We are still waiting for a decision in Medellin v. Texas, argued October 10. (Briefs are here; argument transcript here.) This is the case on the Vienna Convention on Consular Relations and the International Court of Justice decision on the cases of 50+ Mexican nationals on death row in the United States.
The Court picked some low-hanging fruit today. In New York State Bd. of Elections v. Lopez Torres, the Court answered the question of whether the federal constitution requires primaries in state judicial elections. (Answer, without dissent: of course not.) The opinion is by Justice Scalia, and the case was argued October 3. There is also an eyes-glaze-over tax case, Knight v. Commissioner. This is a unanimous opinion by Chief Justice Roberts in a case argued a mere 7 weeks ago.
At this point, we can start playing the SCOTUS-watchers' favorite parlor game, guessing the outcome of the remaining October cases by guessing which justice they are assigned to. There were nine cases on the initial calendar, but one of them was one-lined per curiam when Justice Kennedy was recused and the others split 4-4. Opinions from that session have been written by Stevens (Gall), Souter (Watson), Ginsburg (Kimbrough), Kennedy (Stoneridge), and Scalia (today's New York case). Assuming the opinions are spread among the justices, as they generally are, this leaves four justices (Roberts, Thomas, Breyer, and Alito) and three cases.
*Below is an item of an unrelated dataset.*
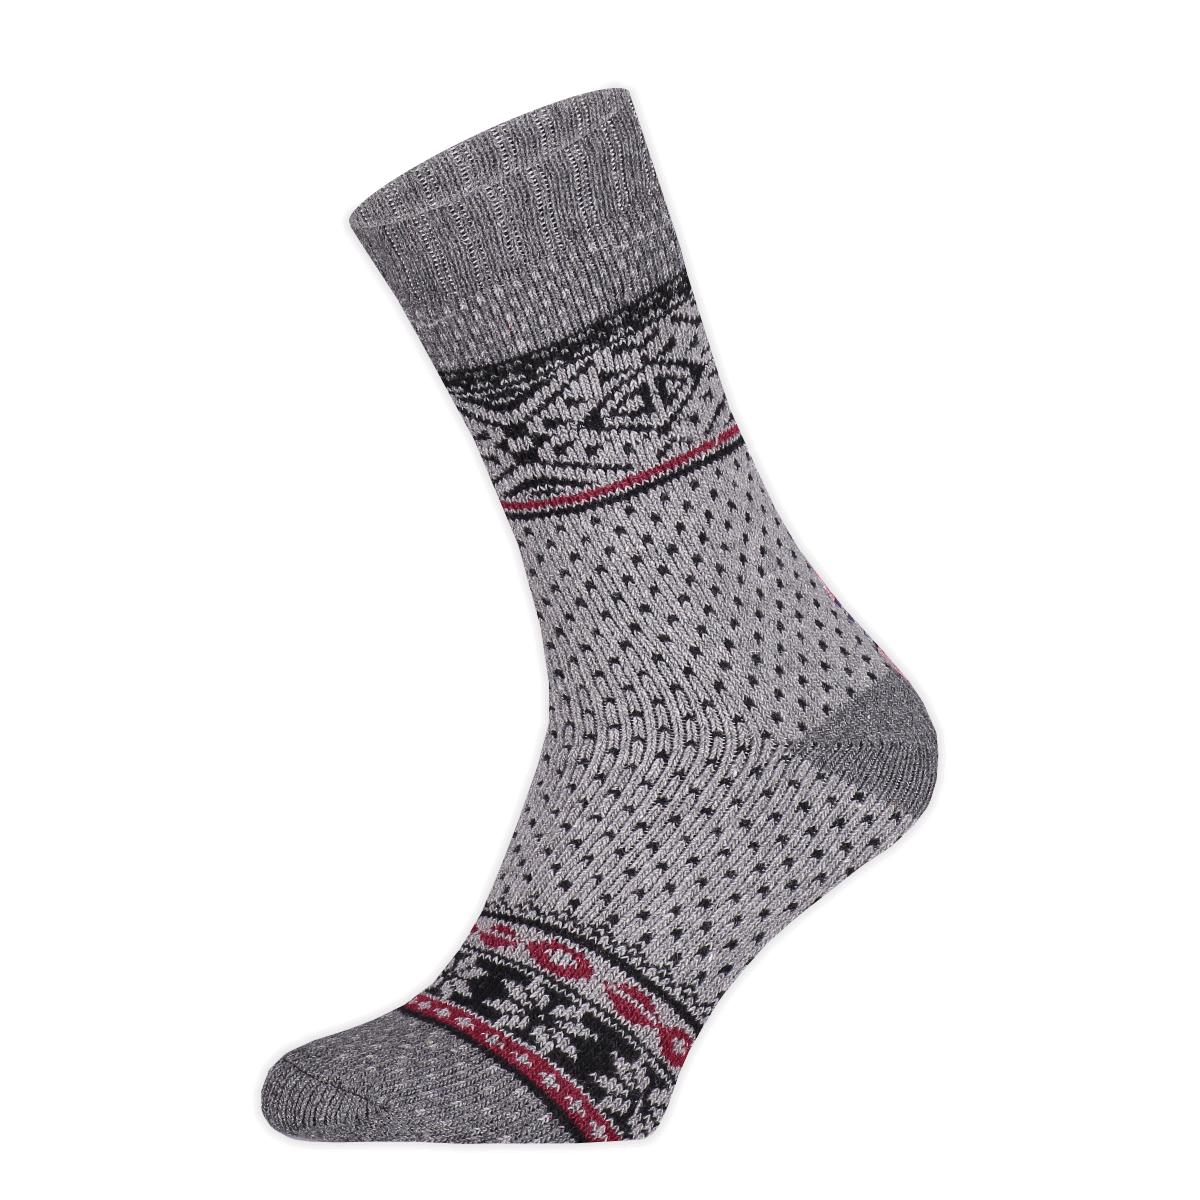 Basset - Heren - Wollen Nordic Socks - Herensokken - Winter - 45% Wol - Maat 43/46 - Grijs
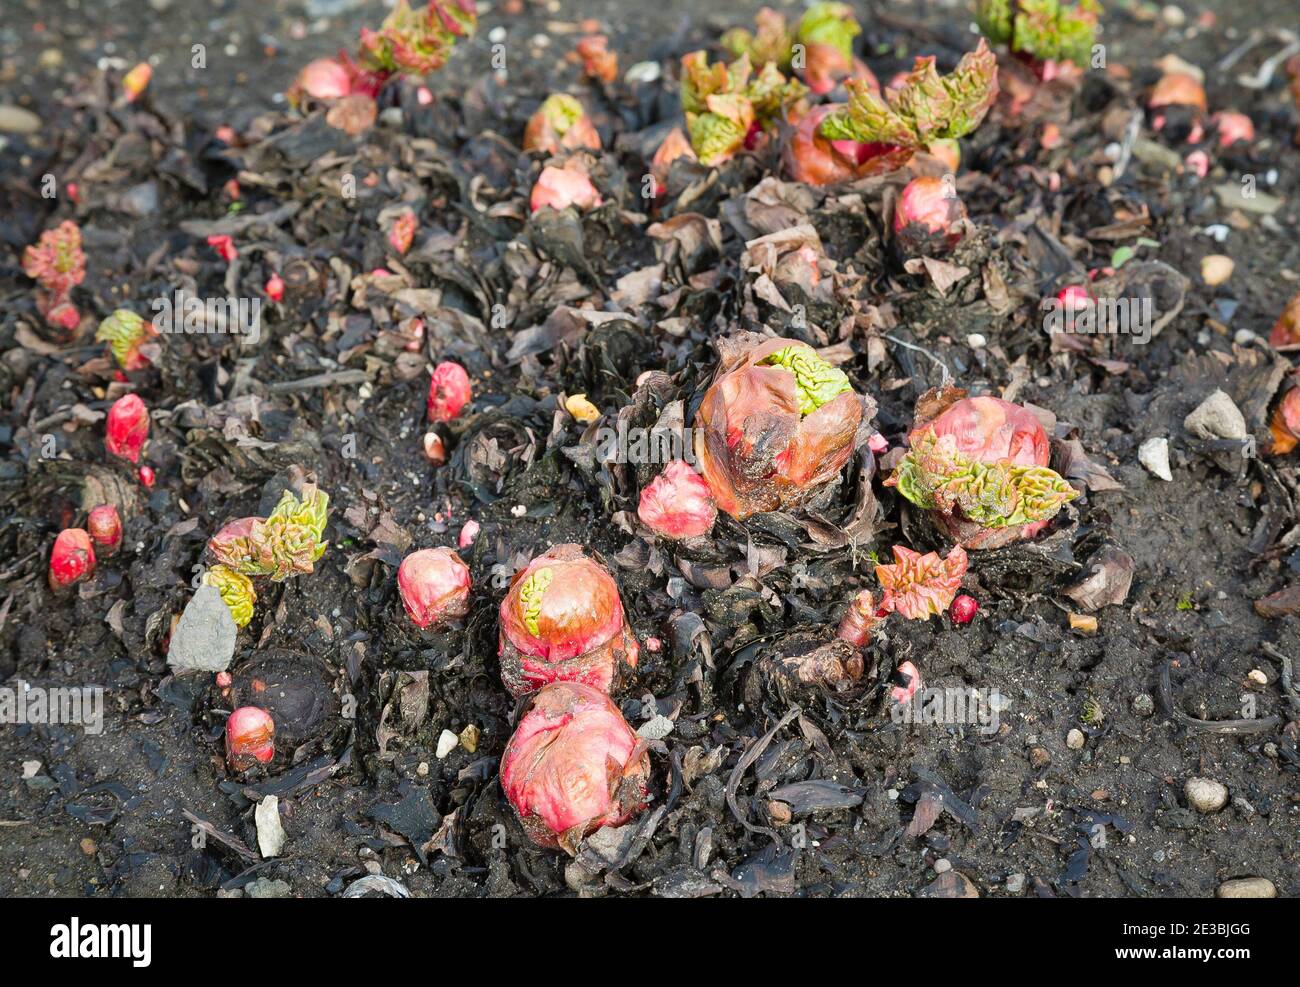 Rhabarber Pflanze, junge neue Triebe aus Garten Rhabarber Kronen in Boden, UK Gemüsegärten Stockfoto

In addition to Medellin, there is Washington State Grange, on that state's primary election law, and United States v. Santos, on money laundering.
I expect that Roberts, Thomas, and Alito will all vote for the State in this case. If so, Medellin would win only if Breyer is writing the opinion, and he would be doing that only if Stevens assigned it to him. I'm inclined to think that Stevens would have kept a blockbuster case on presidential power and international court relations for himself if he were making the assignment, but that is admittedly just speculation at this point. Stayed tuned.